Work instructions:
Pictures excluded, reproduce exactly the lines below from the one with "The famous Pump" through the one with "The kickstand allows", both included.

Data provided:
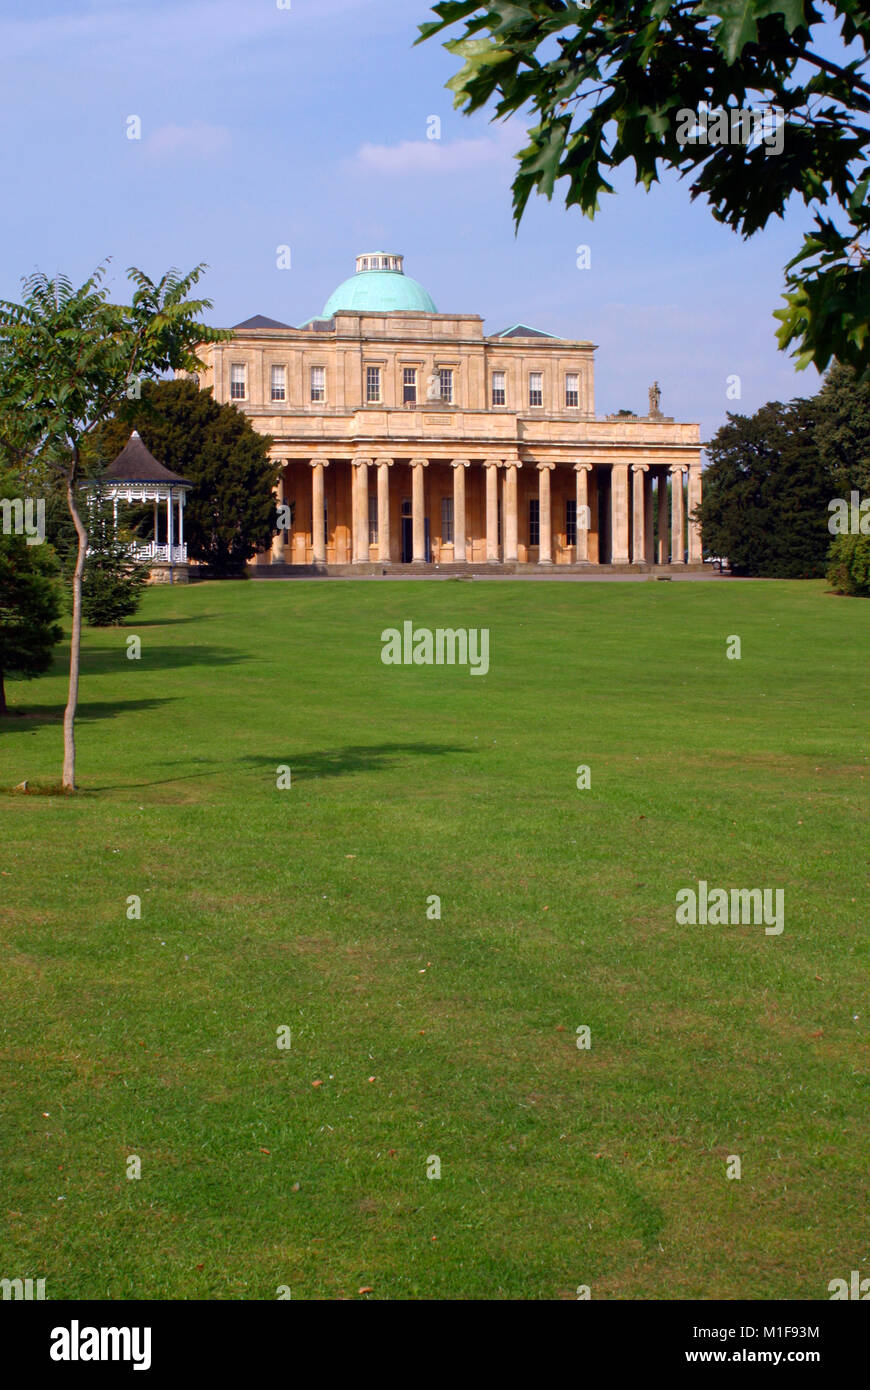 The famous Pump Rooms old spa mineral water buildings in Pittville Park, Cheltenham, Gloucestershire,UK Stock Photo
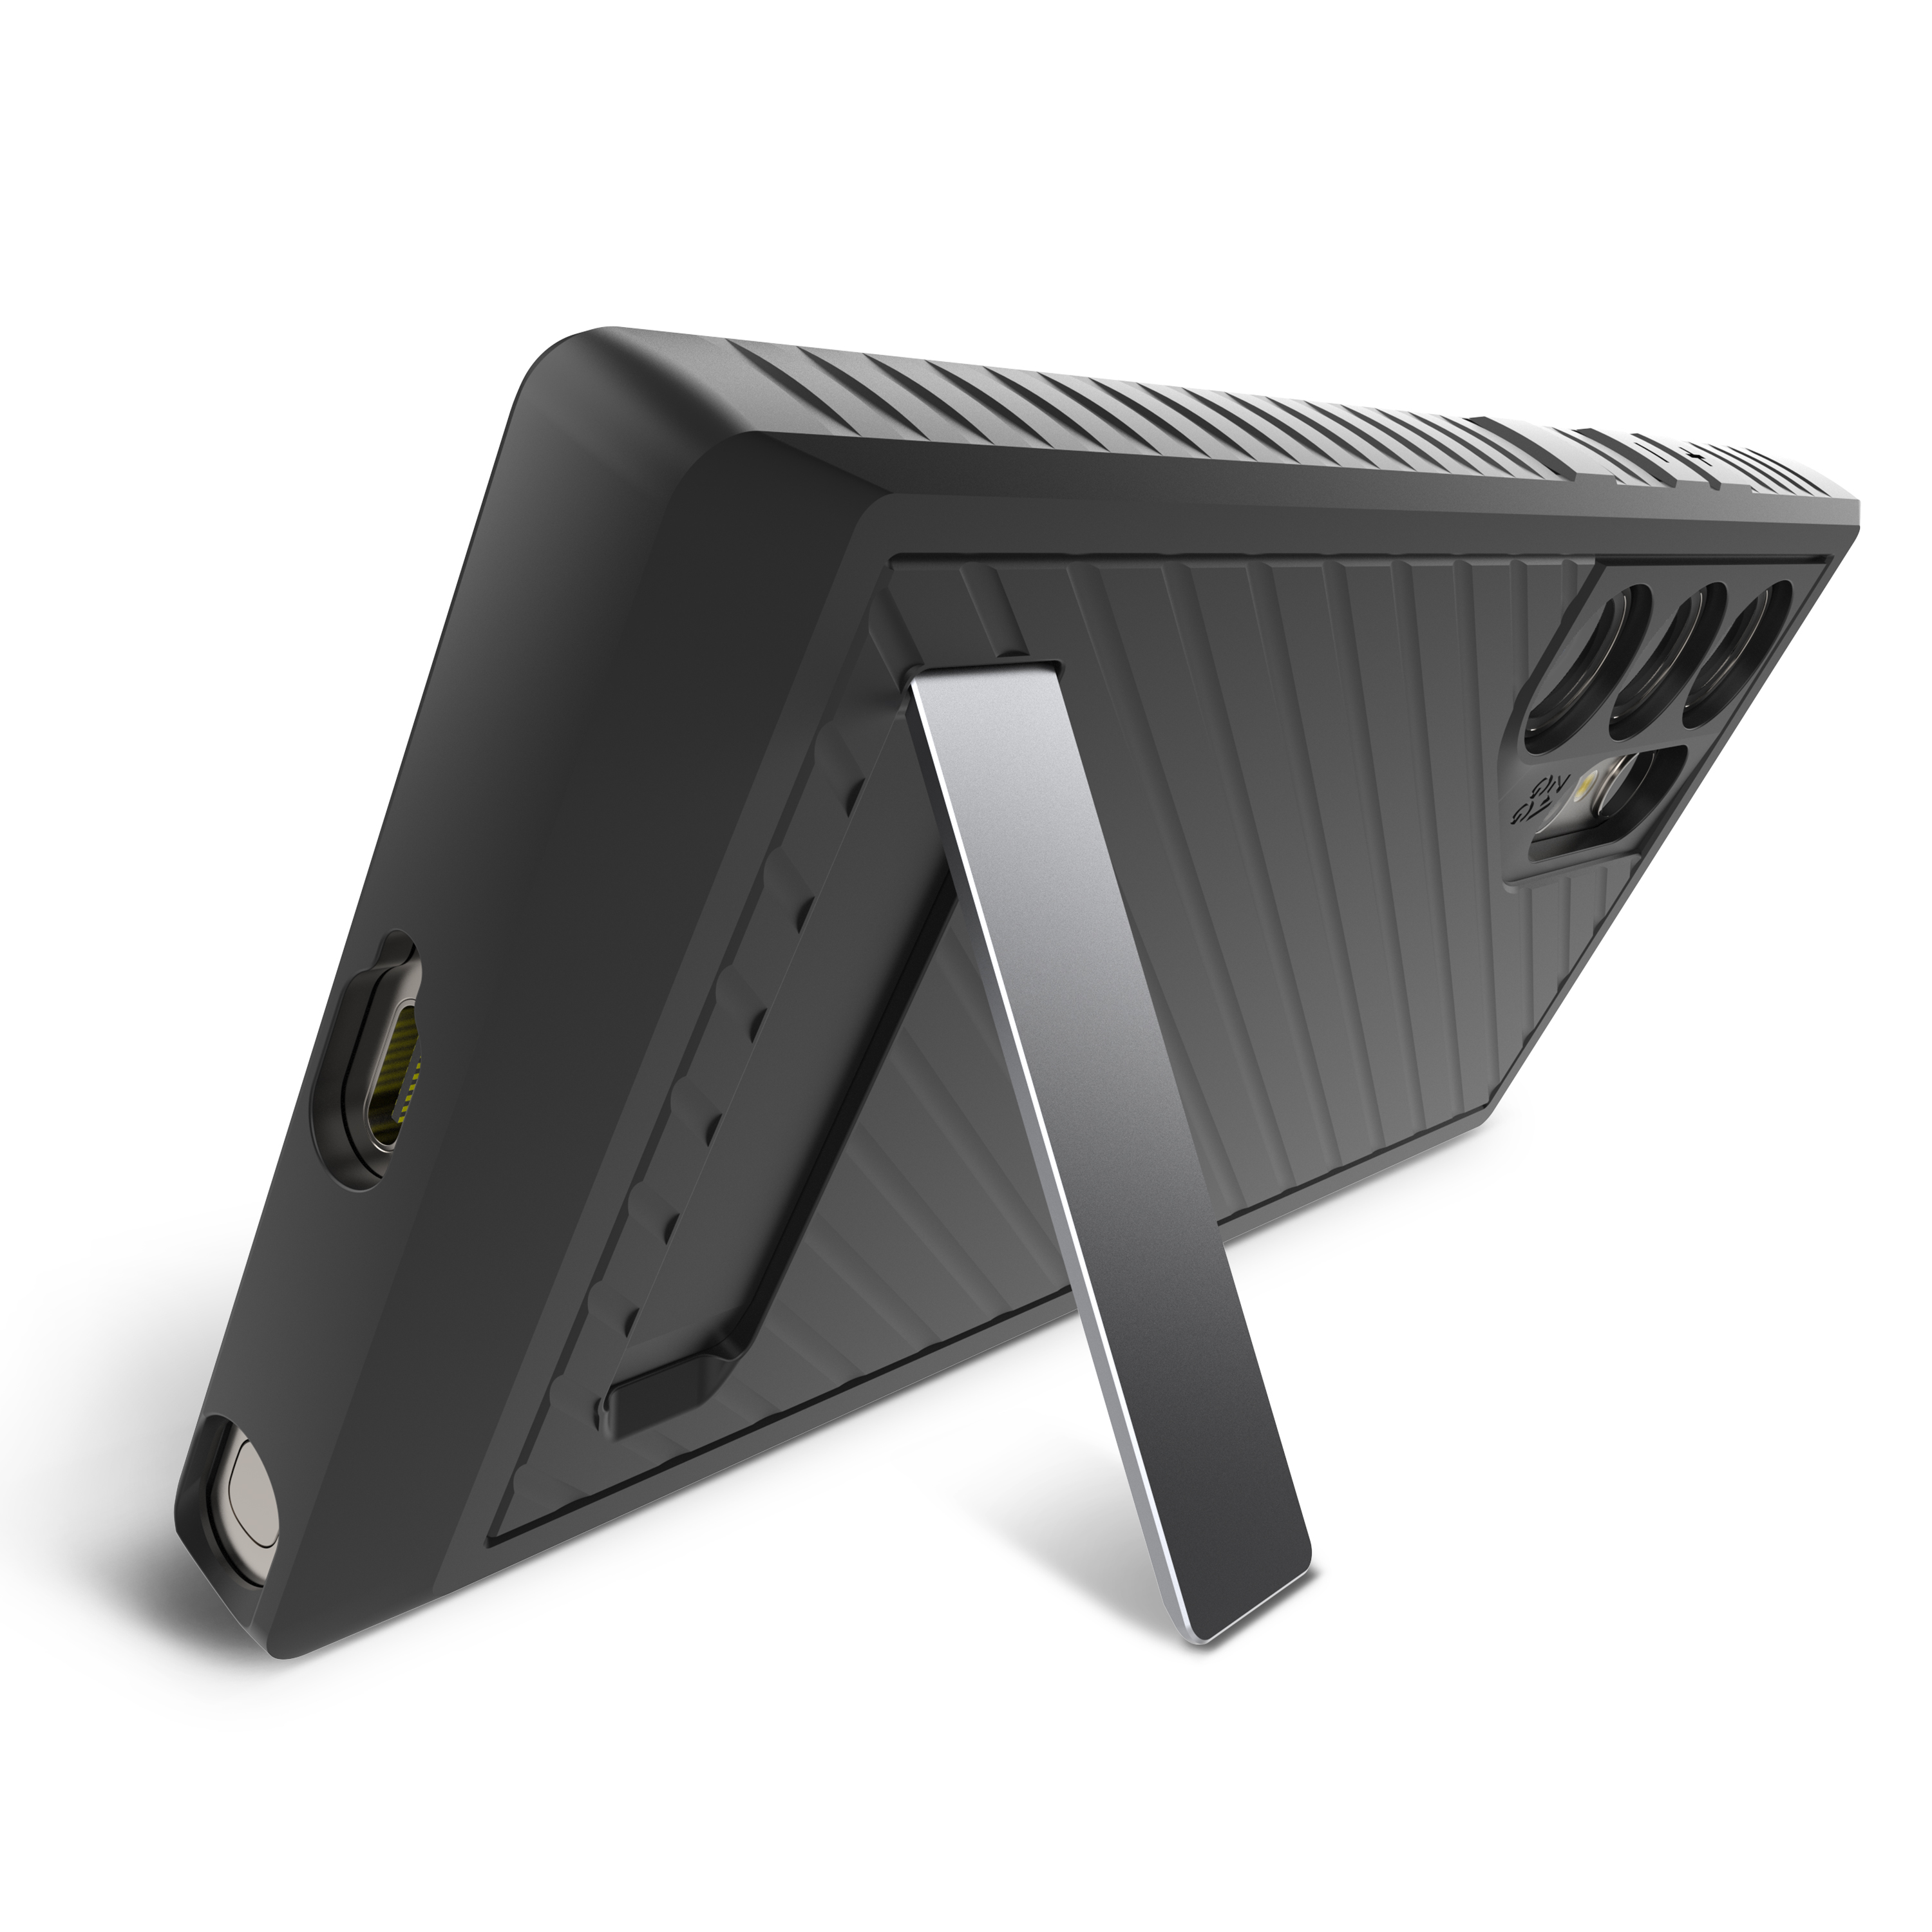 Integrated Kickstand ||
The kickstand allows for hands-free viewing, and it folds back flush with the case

--

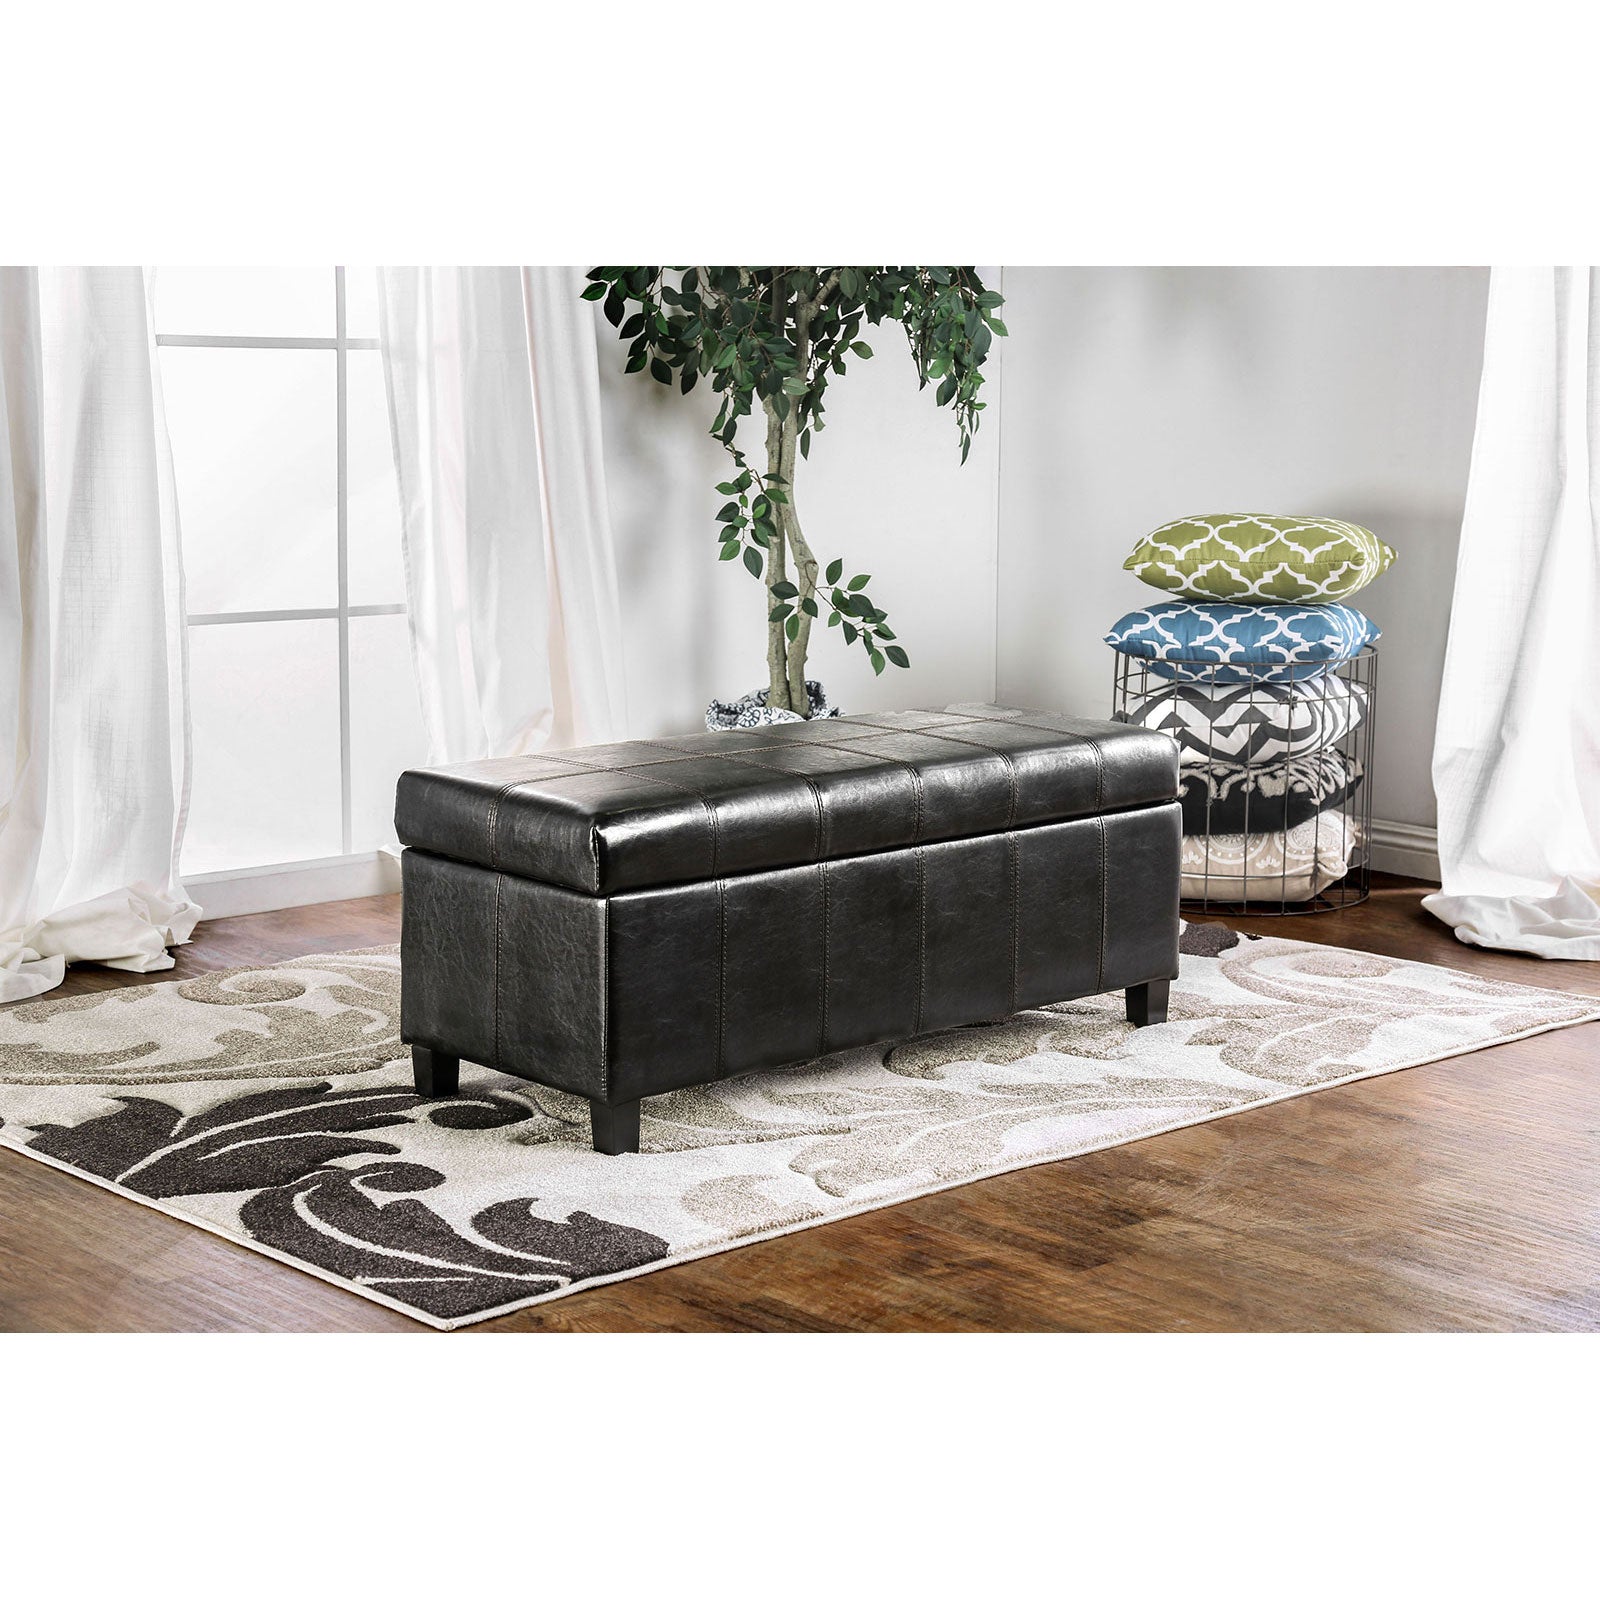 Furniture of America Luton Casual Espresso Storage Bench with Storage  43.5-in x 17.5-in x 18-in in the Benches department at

Answer space:
 The famous Pump Rooms old spa mineral water buildings in Pittville Park, Cheltenham, Gloucestershire,UK Stock Photo
 Integrated Kickstand ||
The kickstand allows for hands-free viewing, and it folds back flush with the case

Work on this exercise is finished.